Of course, the best media management draws in others who have the same point of view for different reasons, in this case, John McFall, who somehow finds himself an off-message head of the Commons Treasury Select Committee in these momentous times.

And there may be more subtle media manipulation going on.  I mean, if the Russians and Georgians, Israelis and Palestinians are at it, why shouldn’t managers of multi-billion dollar funds get in on the act?  It’s not as if they can’t afford it and it’s not as if there isn’t plenty of expertise out there for sale, unlike Kaka, to the highest bidder.  Why, for example, do we suddenly find out, today of all days, about an unhelpful clause in Barclays agreement with its Middle East investors?

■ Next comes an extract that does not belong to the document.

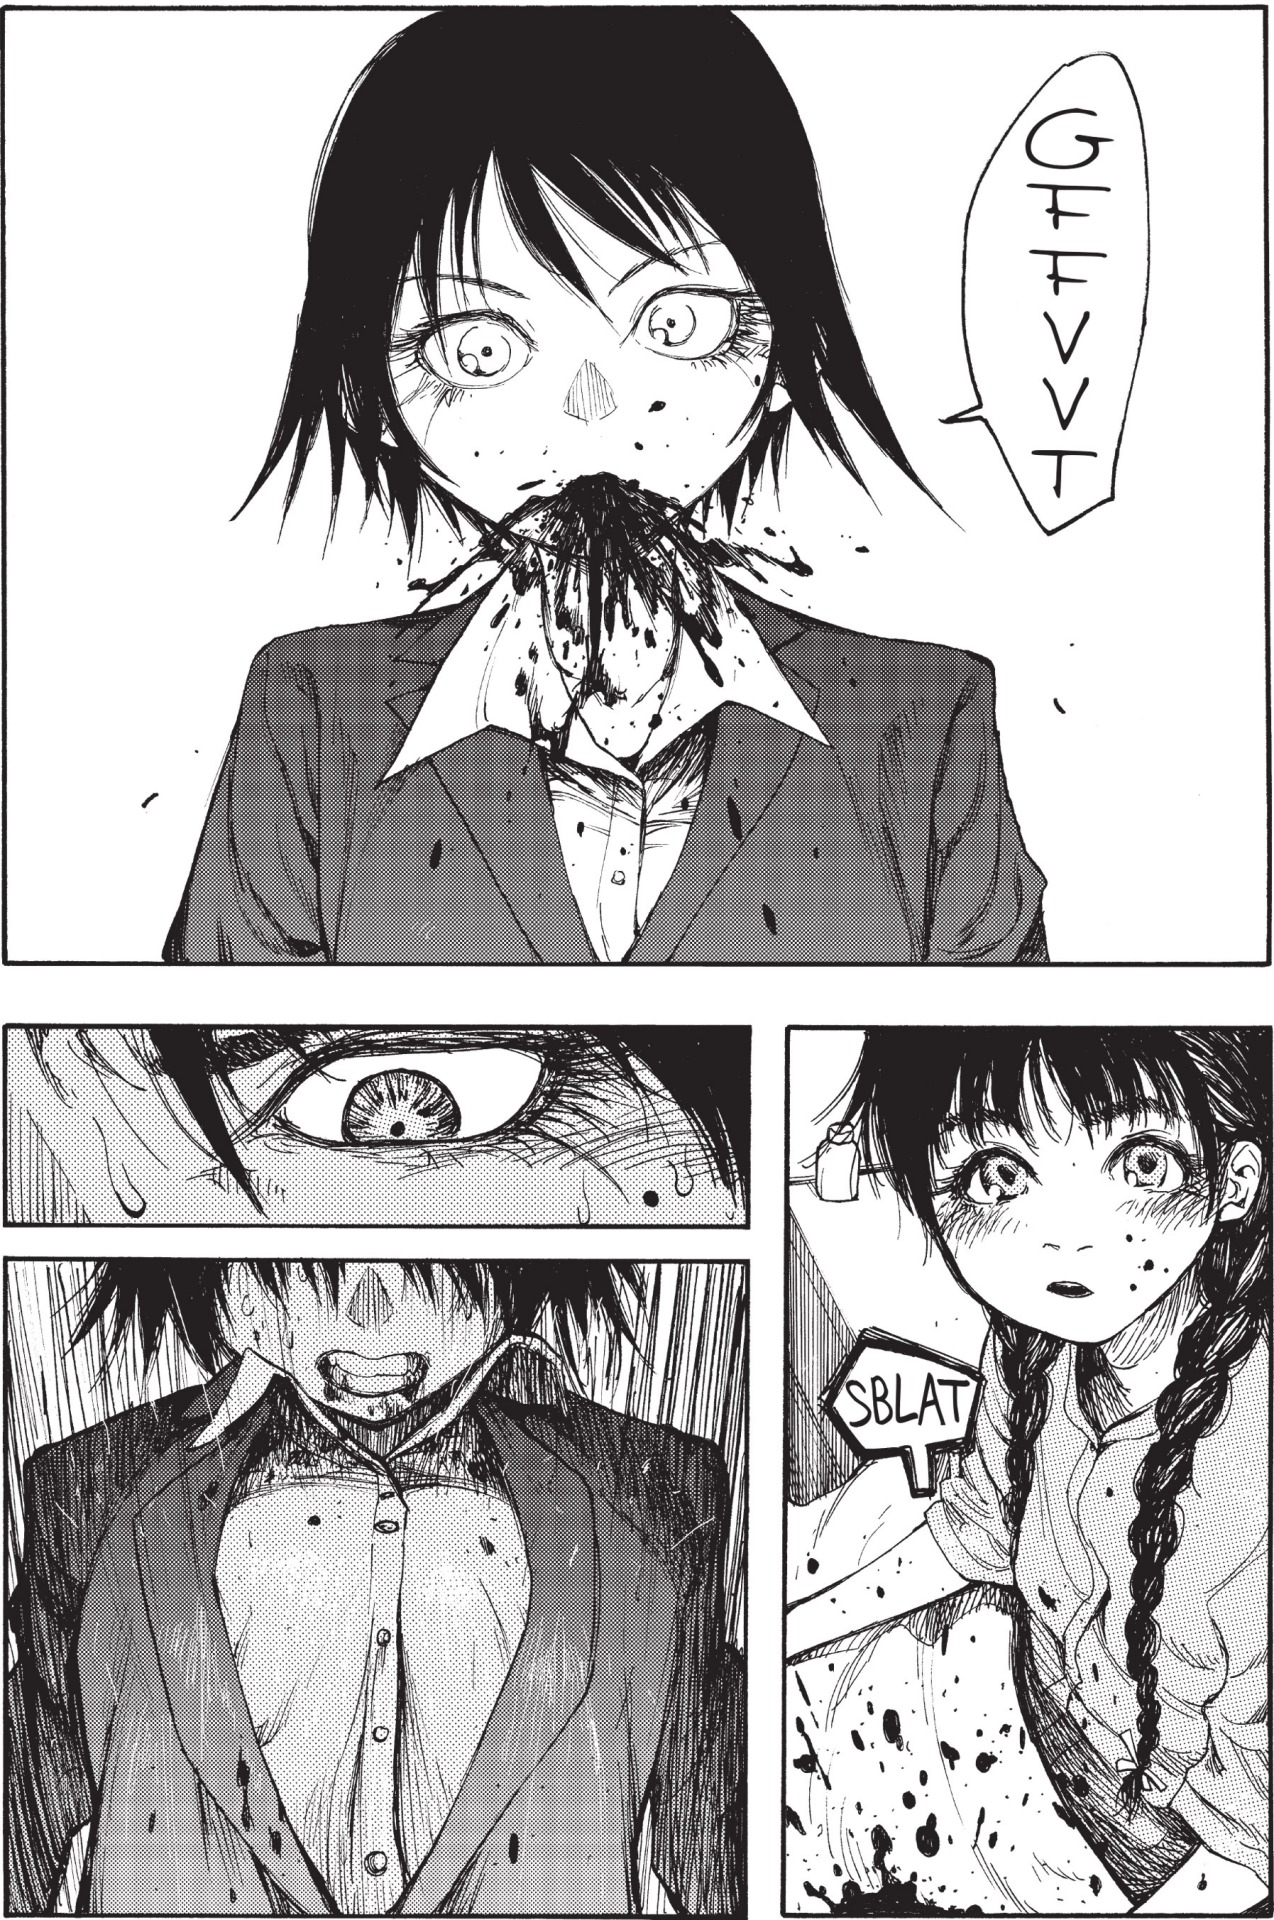 Manga and Stuff — Source: Ajin: Demi-Human / 亜人 by Gamon Sakurai

I’m very pleased to have achieved a negative rating when commenting on few days ago on a column by Vince Cable in the Mail.  I’m currently at -4!  Great!  But I stand by all the statements I made, especially the one point on which I agreed with the man who will share a large portion of the blame (not least for egging the Government on to set the unfortunate Northern Rock nationalisation precedent) for the car-crash the UK economy will become if all the banks are nationalised, or even one of what are very large organisations indeed.  Yes, Vince and I (as befits fellow SPS graduates) agree on one point: it was lunacy to lift the short-selling ban.

Personally I can’t see how the UK can nationalise the banks, the short-sellers seem to have made further equity fund-raising impossible, so other than giving the Government some more prefs (with a less punitive coupon than before – why give overseas banks an advantage, they cause even more problems?), the authorities will just have to muddle through, burying the biggest black holes in the banks’ balance-sheets, in time-honoured fashion.